◆ **TASK PROMPT**
State the number of lines that hold "Card" in the records below, with no other words.

Items listed in a dataset:
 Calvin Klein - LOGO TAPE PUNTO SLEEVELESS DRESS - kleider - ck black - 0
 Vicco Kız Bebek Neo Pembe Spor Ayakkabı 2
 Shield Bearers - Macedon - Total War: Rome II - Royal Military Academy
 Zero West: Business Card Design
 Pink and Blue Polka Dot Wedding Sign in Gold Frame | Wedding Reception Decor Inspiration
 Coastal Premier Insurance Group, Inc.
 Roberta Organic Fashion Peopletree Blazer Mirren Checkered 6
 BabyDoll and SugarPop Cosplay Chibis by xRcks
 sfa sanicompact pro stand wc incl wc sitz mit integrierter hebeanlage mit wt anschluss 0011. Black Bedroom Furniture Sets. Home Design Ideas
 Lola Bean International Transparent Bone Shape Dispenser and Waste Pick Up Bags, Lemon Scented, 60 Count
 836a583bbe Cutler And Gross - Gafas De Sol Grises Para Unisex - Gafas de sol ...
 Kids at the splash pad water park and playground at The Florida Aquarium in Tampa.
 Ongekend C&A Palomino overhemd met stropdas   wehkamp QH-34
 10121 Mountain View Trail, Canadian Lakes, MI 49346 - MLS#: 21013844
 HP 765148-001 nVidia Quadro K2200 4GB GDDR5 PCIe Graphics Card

◆ **PROBLEM SOLUTION**
2